TASK TO CARRY OUT
Among the entries below, only the lines from the one with "Thai curry or" through the one with "Framed Travel Poster" are wanted, reproduced exactly. Pictures are not wanted.
======== DATA SUPPLIED
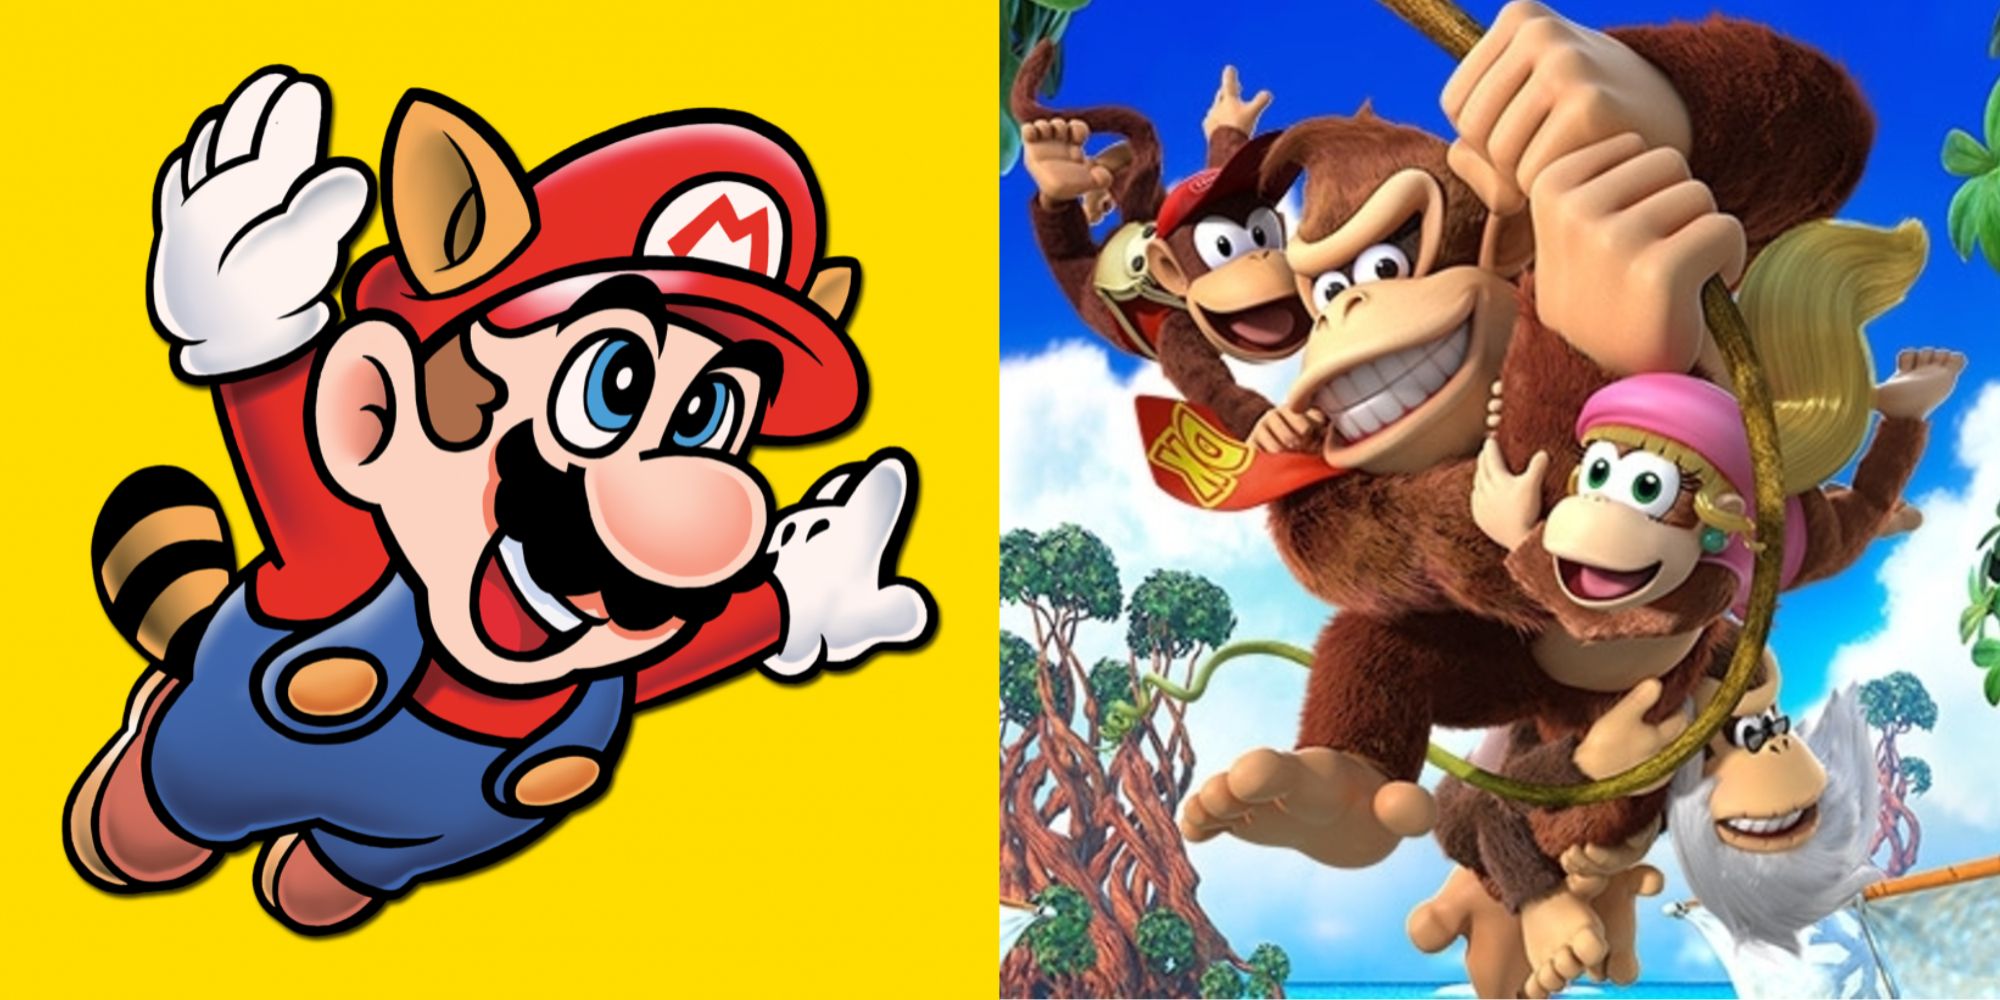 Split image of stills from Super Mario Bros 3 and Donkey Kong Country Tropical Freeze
================
======== DATA SUPPLIED
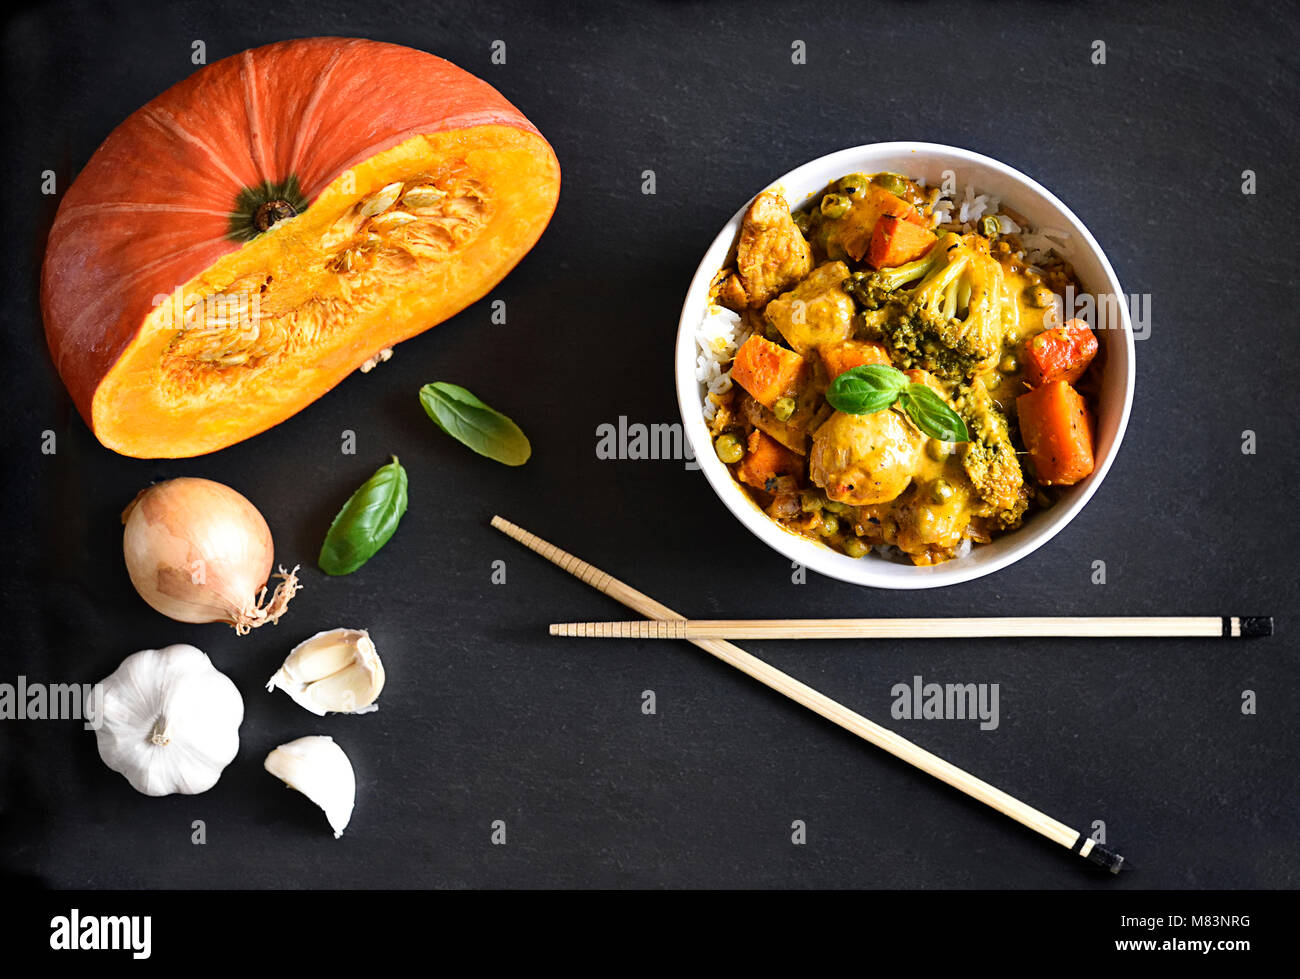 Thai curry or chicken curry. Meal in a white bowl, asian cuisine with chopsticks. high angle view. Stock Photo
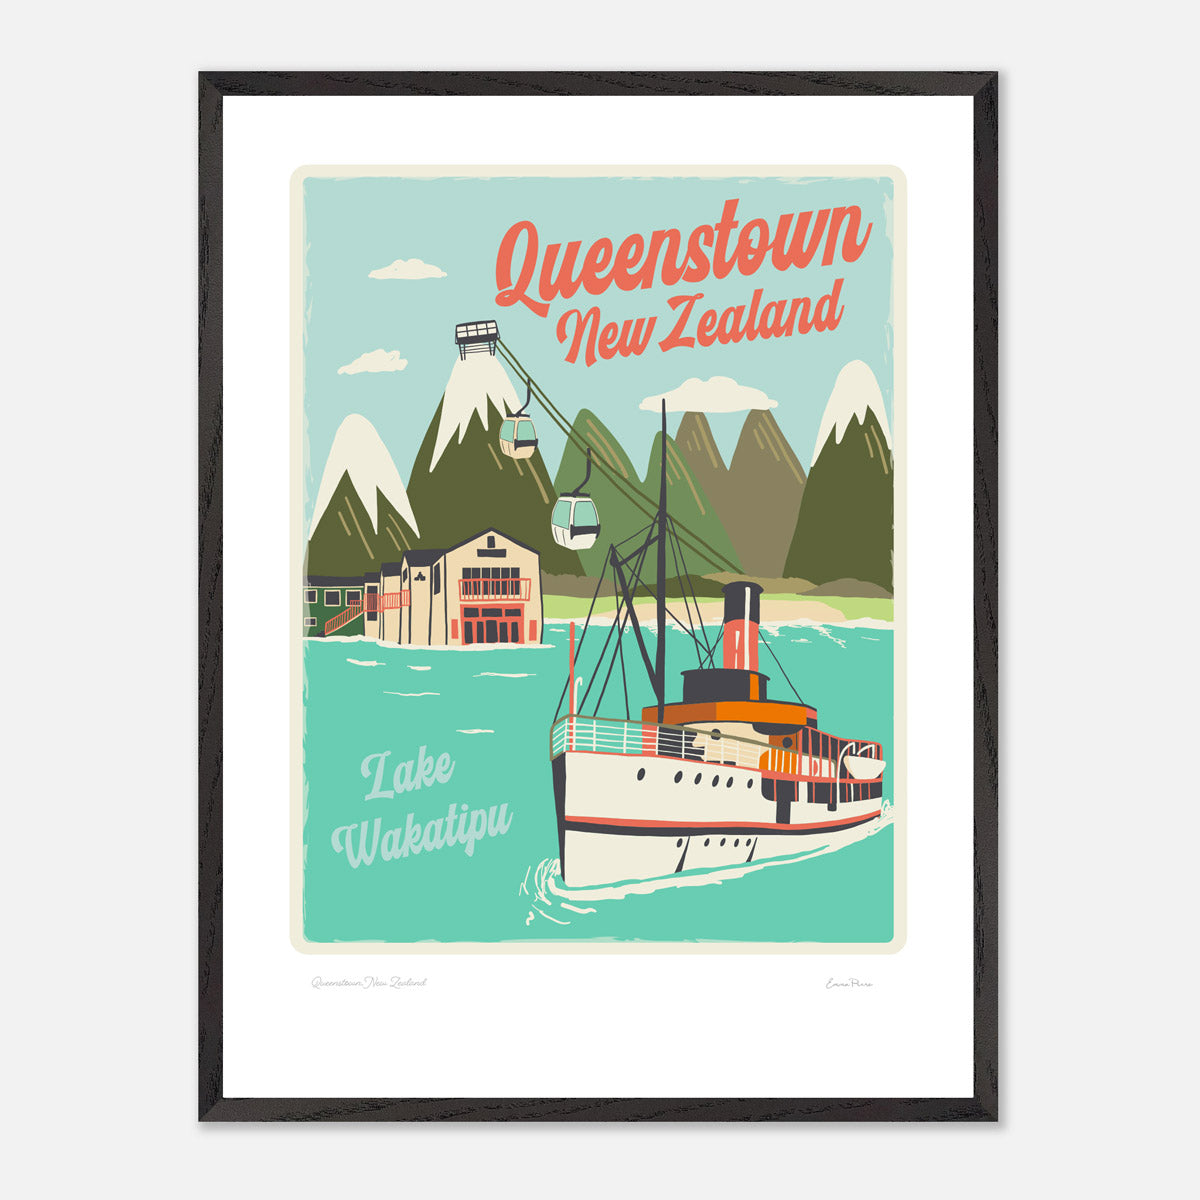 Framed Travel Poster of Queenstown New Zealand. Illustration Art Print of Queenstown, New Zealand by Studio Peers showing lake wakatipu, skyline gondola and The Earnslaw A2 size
================
RESPONSE BOX
 Thai curry or chicken curry. Meal in a white bowl, asian cuisine with chopsticks. high angle view. Stock Photo
 Framed Travel Poster of Queenstown New Zealand. Illustration Art Print of Queenstown, New Zealand by Studio Peers showing lake wakatipu, skyline gondola and The Earnslaw A2 size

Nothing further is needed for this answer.